The enforceable undertaking – an alternative to prosecution that allows a company to voluntarily enter into a binding agreement to resolve and remedy any breach and/or harm – followed Asic’s Fees for no service report in 2016, where the corporate regulator found that customers paid for financial advice they never received.

Remediation investigation

The undertaking bound CFPL to appoint Ernst & Young (EY) to investigate and produce a report considering whether the CBA subsidiary had taken “every reasonable step to ensure customers who should have received remediation in the [1 July 2015 to 31 January 2018] period did receive that remediation”.

EY’s findings concluded that there was no evidence to suggest CFPL did not take reasonable steps to ensure all their clients eligible for remediation received it, for the periods 1 July 2015 to 31 May 2016 and 5 June 2017 to 31 January 2018; and that it was taking all reasonable steps to ensure the same outcome for the period ranging from 1 June 2016 to 4 June 2017 (Period 2).
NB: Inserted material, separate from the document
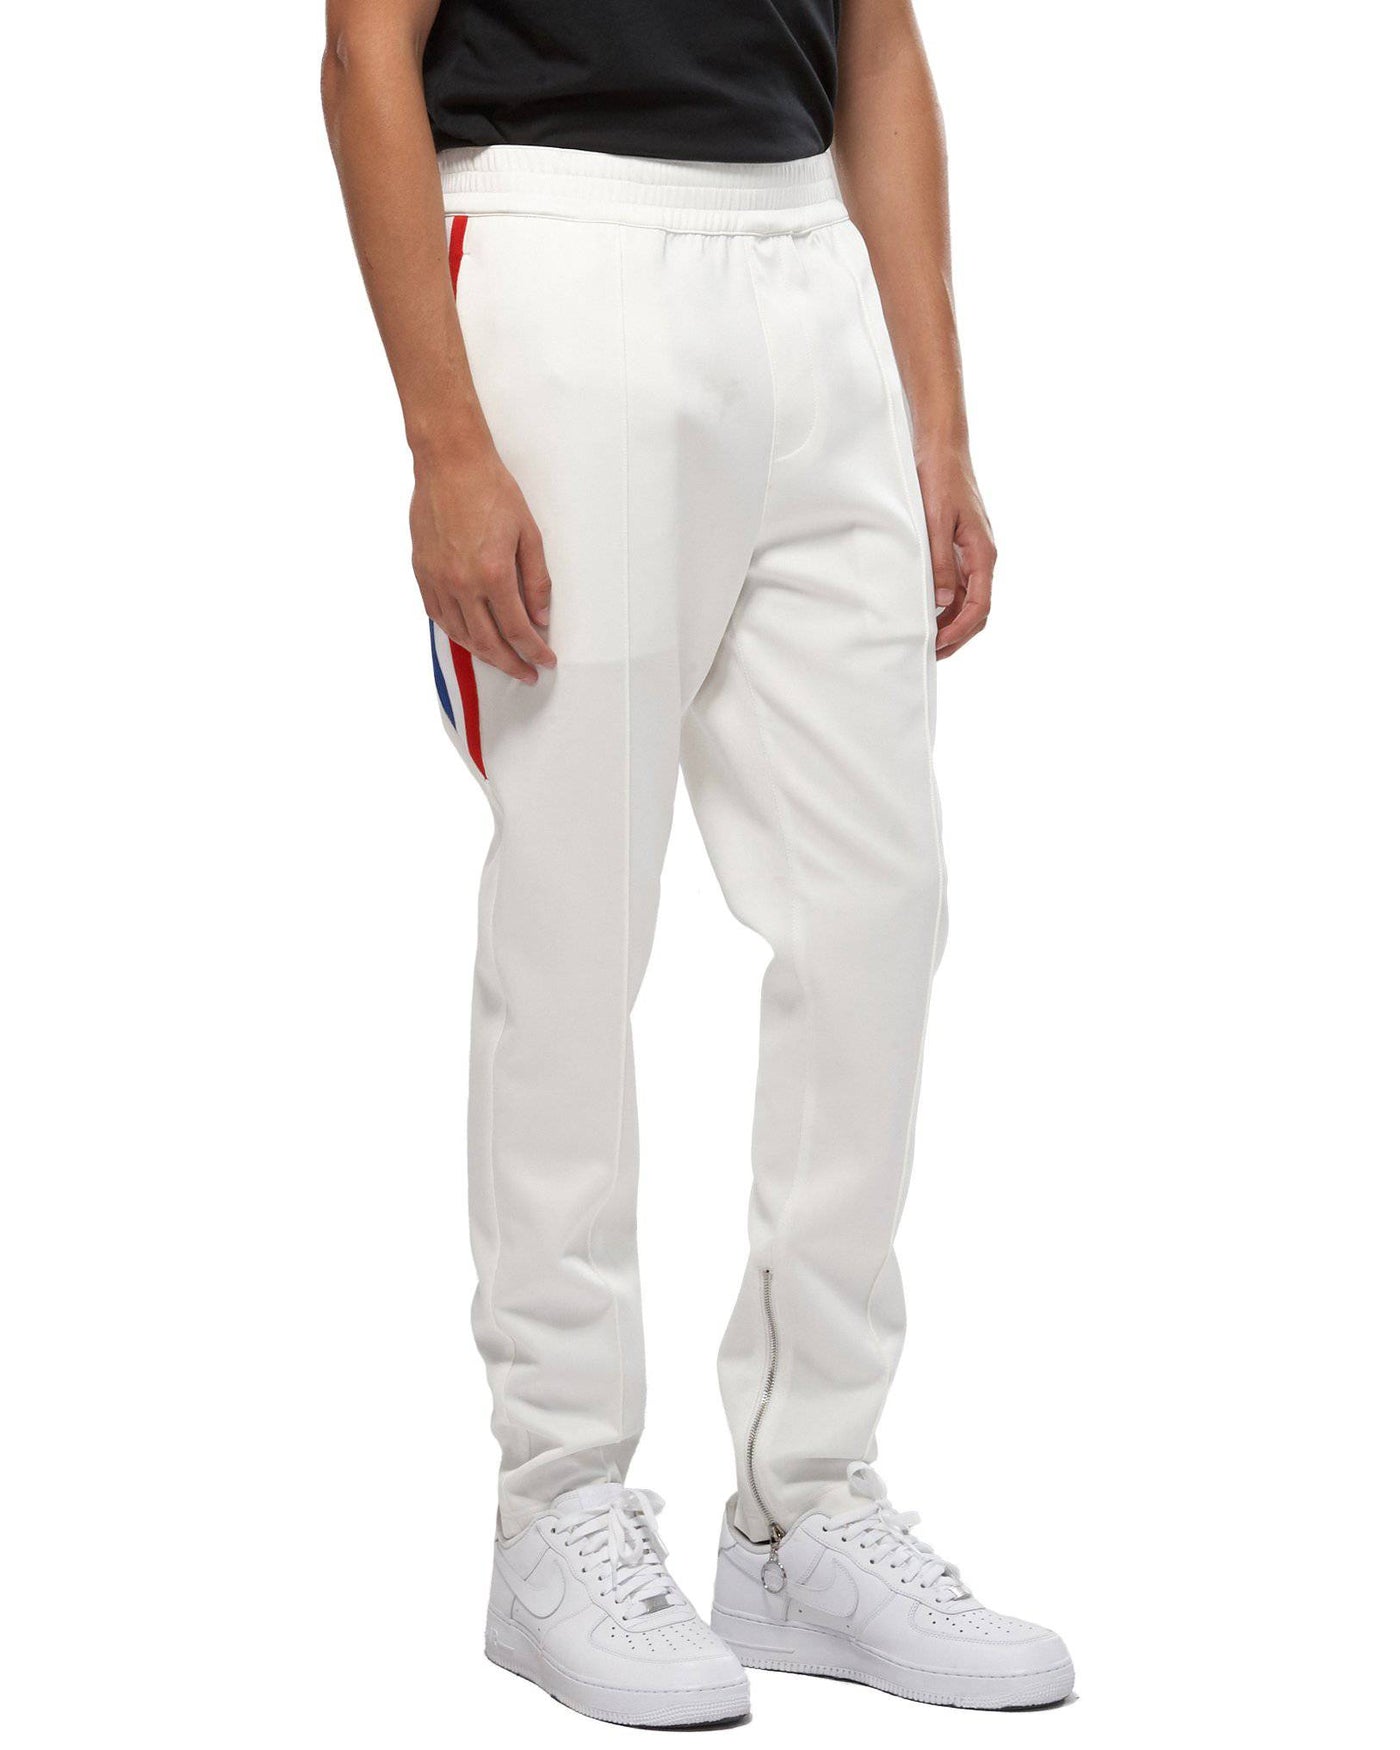 Konus Men's Track Pants With Knit Tape detail in White by Shop at Konus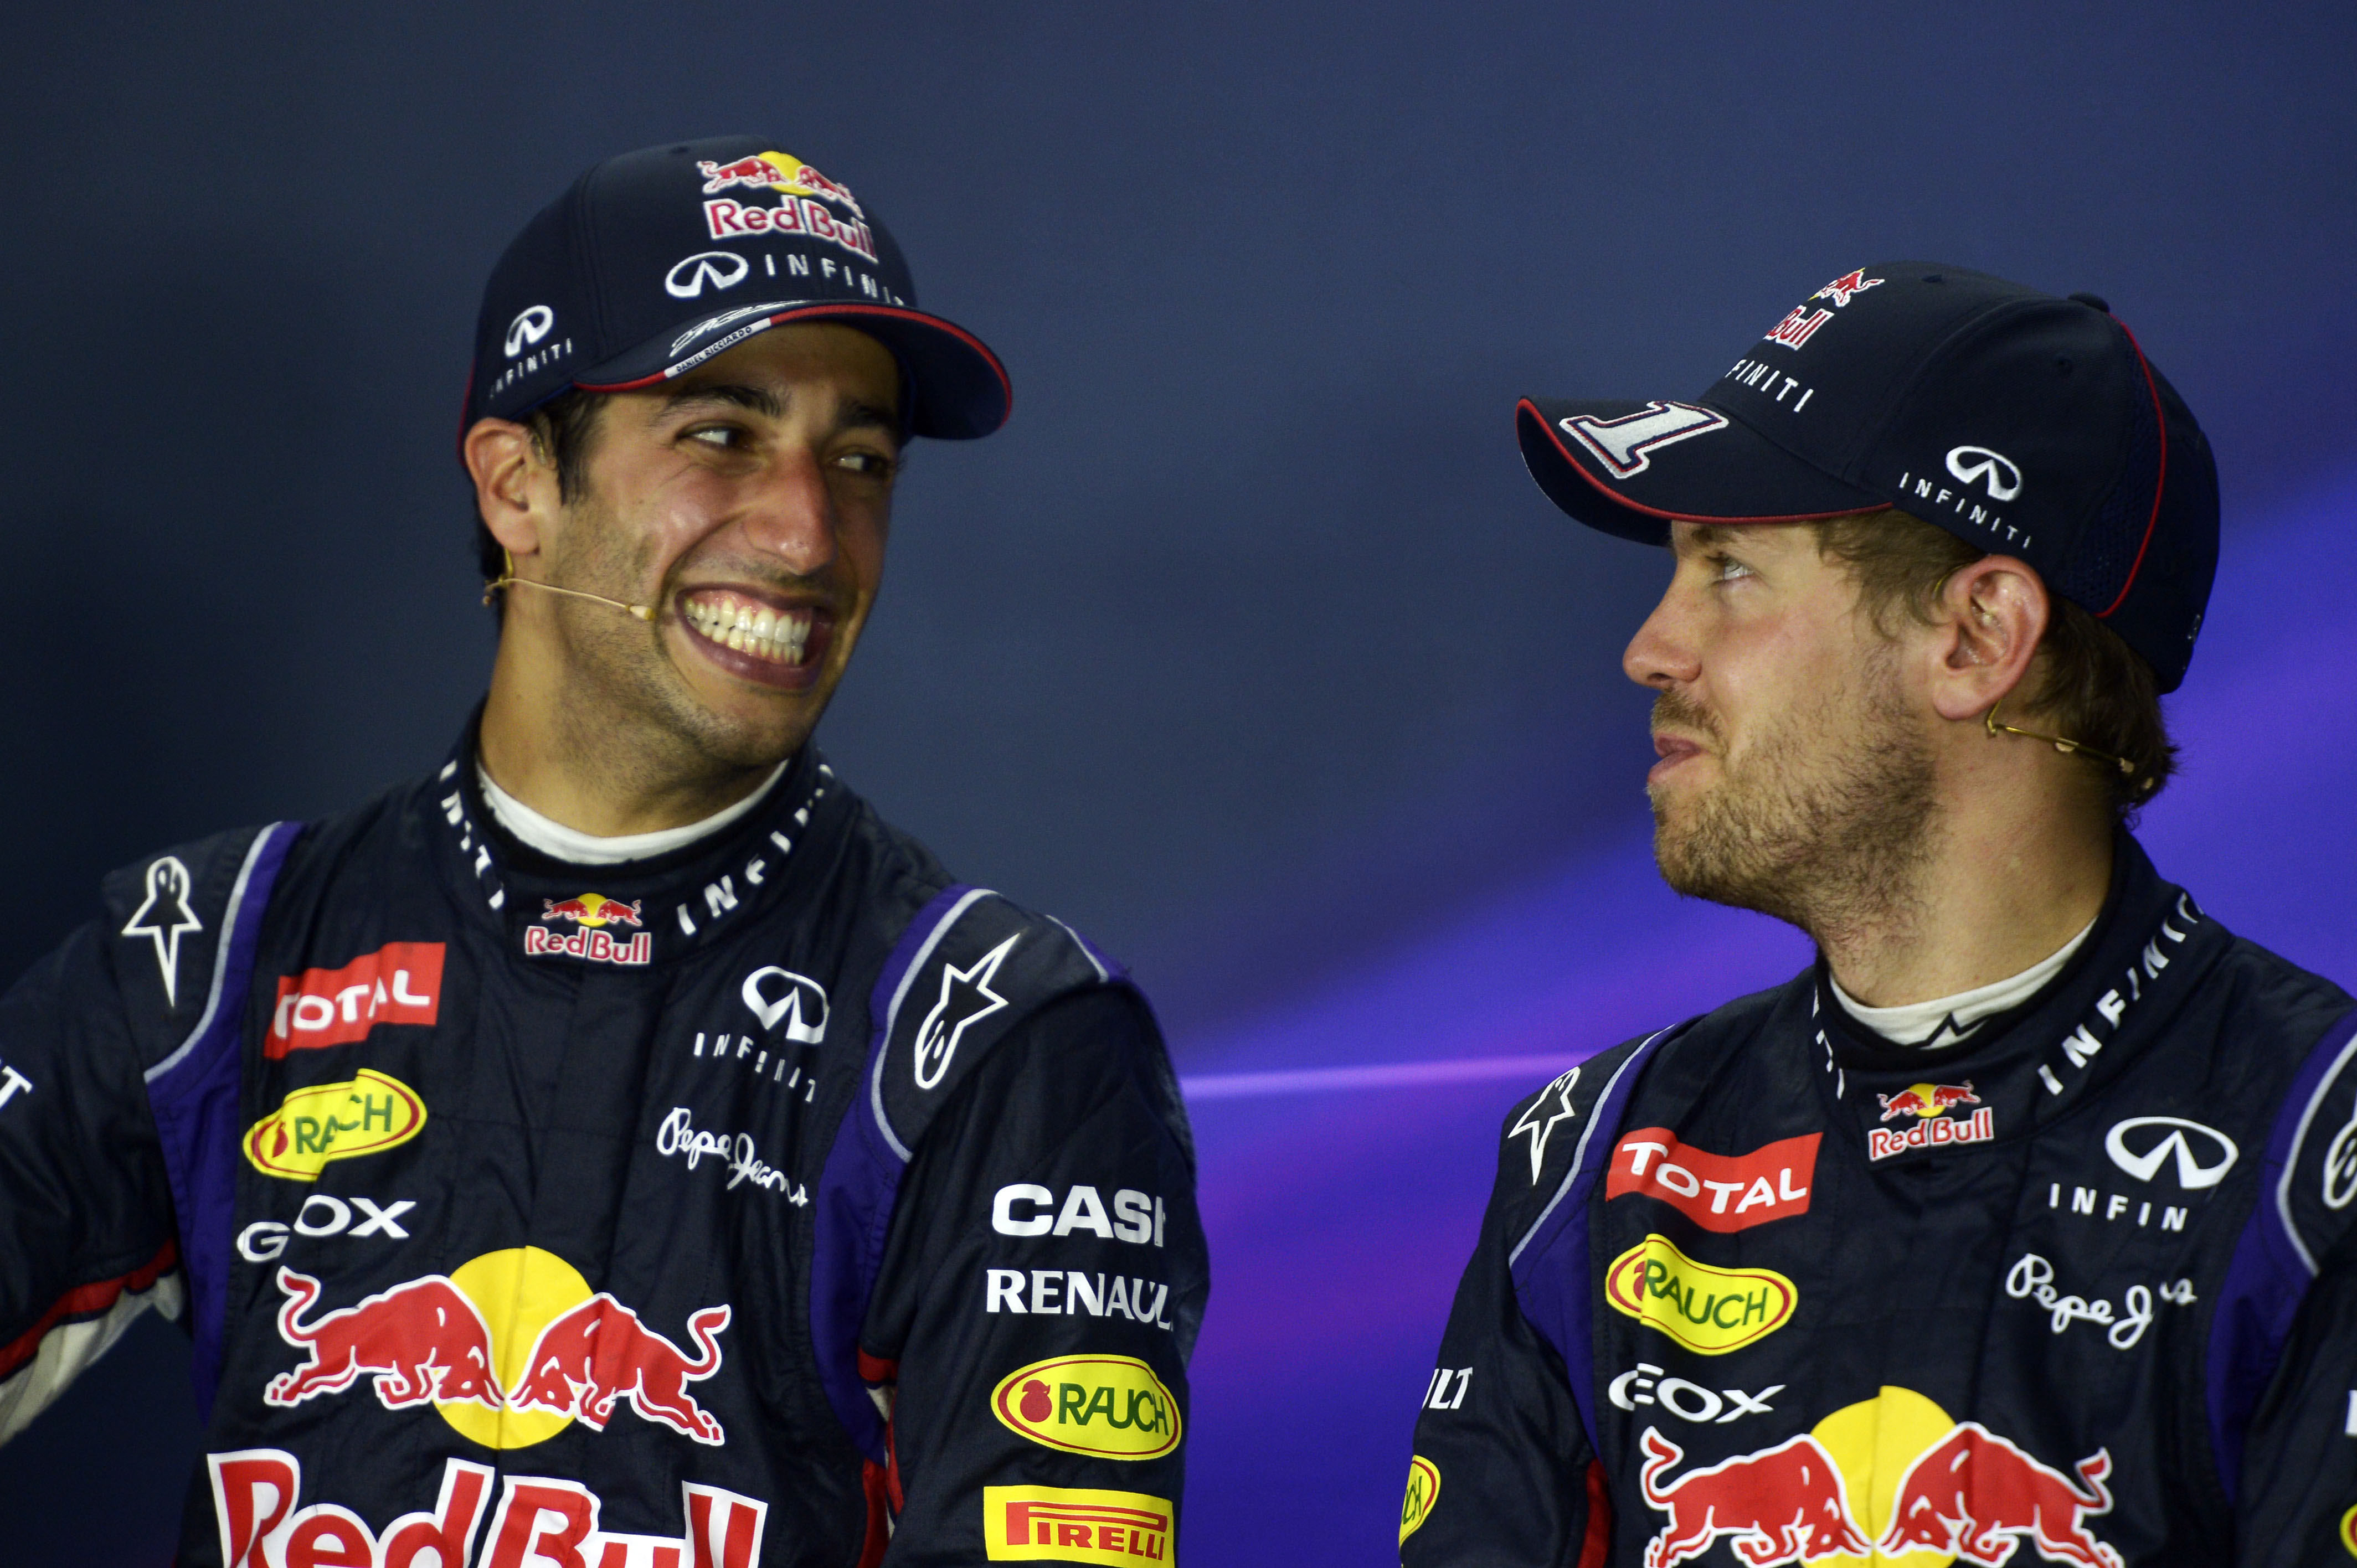 ‘Red Bull wil nog jaren verder met Vettel en Ricciardo’

CFPL and BWFA, under the enforceable undertaking, agreed in April to make a community benefit payment of A$3m (£1.6m, $2.1m, €1.9m).

Asic has also said that a further re-assessment of Period 2 will be made by EY in January 2019.

Costly scandal

Over the course of the fees for no service investigation, ANZ Bank has been fined A$3m and Asic has also launched action against two National Australia Bank trustees over A$100m of fees paid for advice that was not provided.

The industry-wide scandal is believed to have cost customers around A$1bn.